I think our real key focus is delever work on our operations here, but you never can say never. We've always been opportunistic in our acquisitions and we look at a lot of opportunities that we have synergies that we feel we can add a lot of value for our shareholders. So, to me, today we are looking to delever very quickly, but we always look for, in terms of optimistic opportunities.
Our last question comes from William Lacey with ATB Capital Markets.
Gentlemen, just real quick question and I apologize if you've got this outlined somewhere. Just your thoughts on taxes other than the fact that you hate them and on royalties, especially in terms of sort of post payout timing for projects, do you have any insights on that?
Sure, William.

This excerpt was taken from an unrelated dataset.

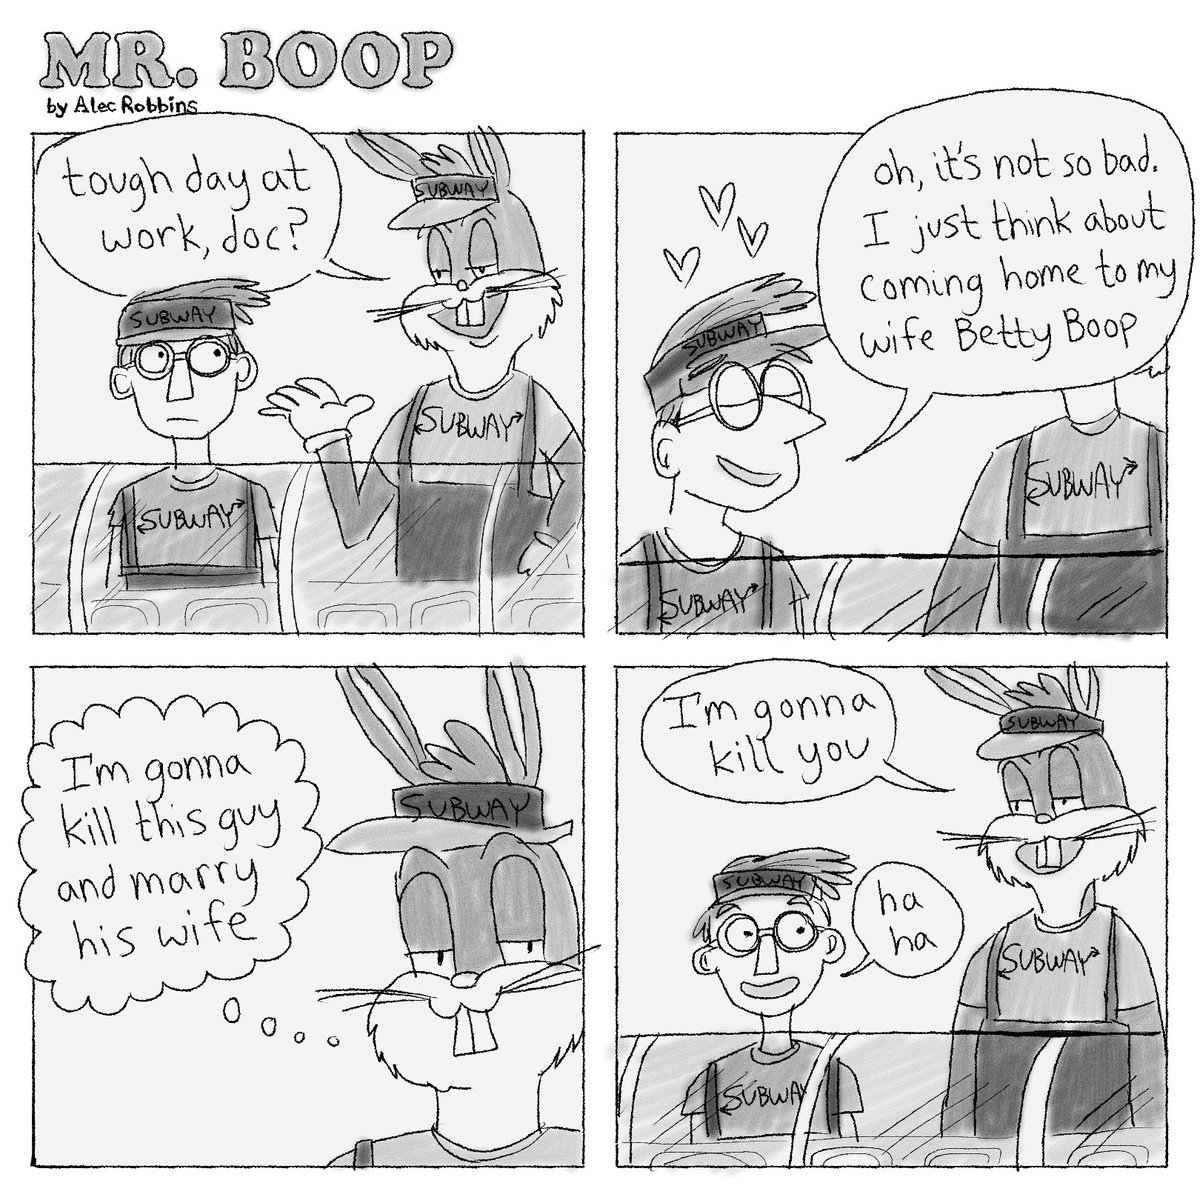 Mr. Boop goes to work

It's Mark. I'll leave some of the detail, maybe to IR to go through with you after, but if you look at cash taxes, when we ran the budget for 2021 in December when we had our budget press release, we were running at $45 WTI. Just to give you some perspective, at that time cash taxes were in the $250 million to $300 million range. I would suggest that strip here and $57 WTI range we'd be north of $1 billion. But again, I'll let you take that off with IR and kind of go through the detailed modeling on it. Same goes for royalties. You're right. We have Oil Sands Royalty projects that of course of a royalty regime that has a pre and post-payout. So, as we generate more cash flow from those properties, we can get into payout. So, another thing that I'll let IR take off with you.
And at this time, I will turn the call over to Mr. Bieber.
Thank you, operator and thank you everyone for attending this conference call this morning. Canadian Natural's large well diverse asset base continues to drive significant shareholder value, even through years as turbulent as 2020. The ability of our teams to deliver effective and efficient operations with top-tier performance is contributing to proven resilience, as well as substantial and sustainable free cash flow. This together with effective capital allocation contributes to achieving our goal of maximizing shareholder value. If you do have any further questions, please don't hesitate to give us a shout. Thank you and goodbye.
This concludes today's conference call. You may now disconnect.